I understand most here believe the bad outweighs the good and thus left CS, but most will admit there is some good to it. And I want to hear what that is, so I can apply and use the good, and dismiss the not good.
I am feeling you are throwing the baby out with the bathwater. Most spent years in CS, learning about it and studying and applying it. It was a big part of your lives. And now you just dismiss it all, throw it all out.
Can't you keep some of it, the good parts, some of it must have helped you to understand Jesus or Christianity better. There has to be some good in it that is not that well understood or taught in Traditional Christianity. Some of it must be helpful. Especially in regard to healing and health.

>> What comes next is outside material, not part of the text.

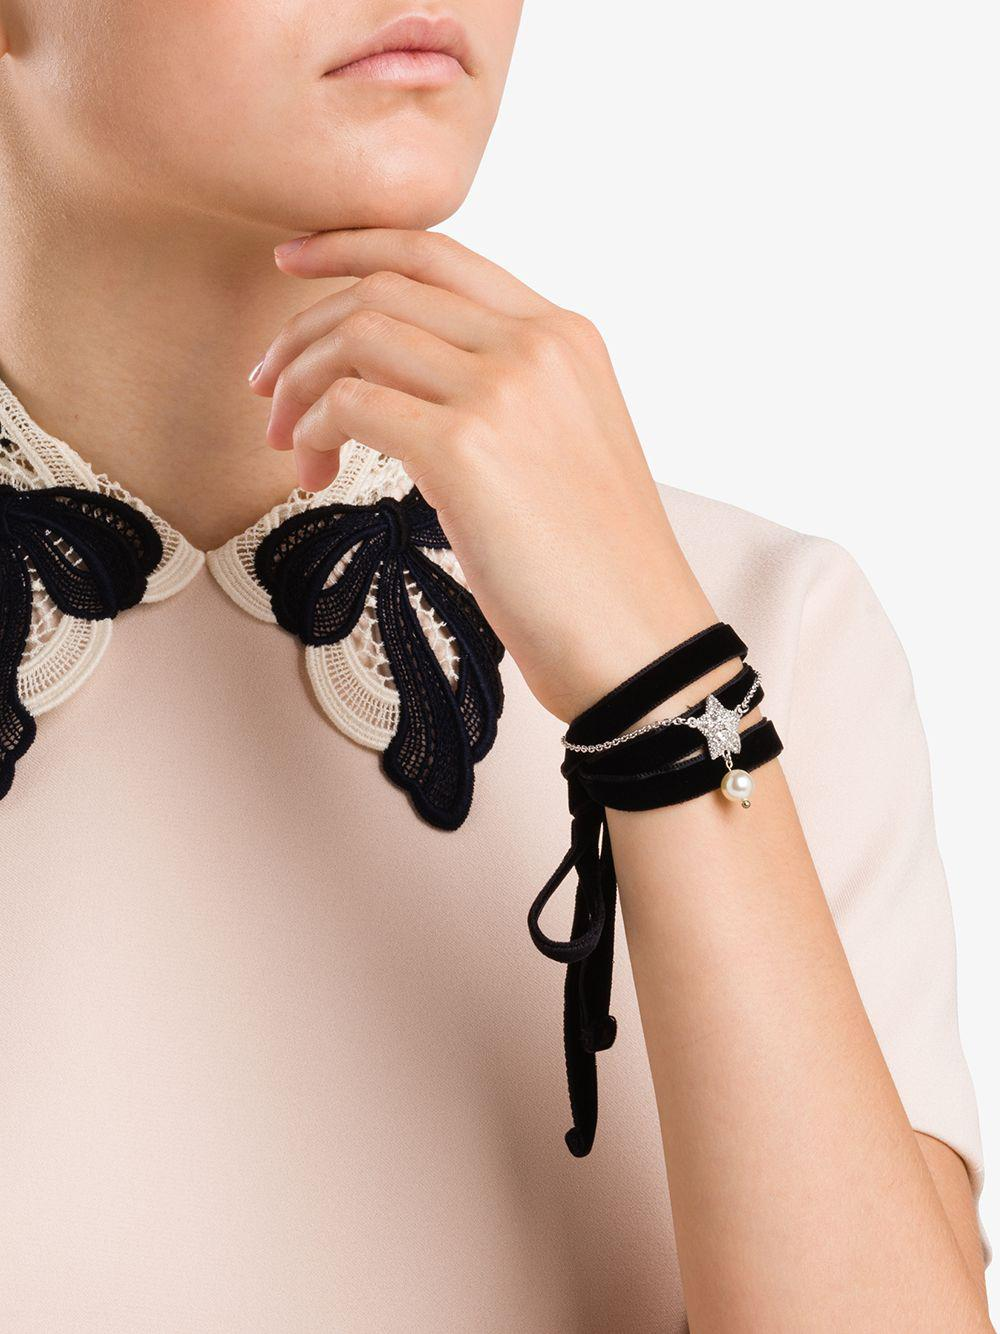 4e53d4a5b056 Miu Miu - Black Crystal And Pearl Wrap Bracelet - Lyst. View fullscreen

I respect that most on here left CS and went to traditional Christianity. Like I shared before, you can't go wrong with Jesus. I just don't feel he is the only way, but one way out of many.
And I found it amazing how that is all most preach on here now. Instead of talking about CS and the pros and cons of it, most of the talk is about finding Jesus and he is the only way to salvation.
So I am still hoping some will share about CS with me instead of just trying to get me to accept Jesus. I already have had those discussions a million times with other Christians and I have no interest in doing that here. I am only interested in discussing CS here. If others want to do that discussion, that is fine with me but I have no interest in it.
And if nobody wants to share and help me understand CS better, can you point me to a previous post or topic where some discussion on this is shared. The archives is overwhelming for me and I just can't read it all. I have given up trying.
So I really do appreciate that there is a forum and am hoping I can be pointed to some previous posts to help clarify some of my questions regarding CS. Thanks, Steve.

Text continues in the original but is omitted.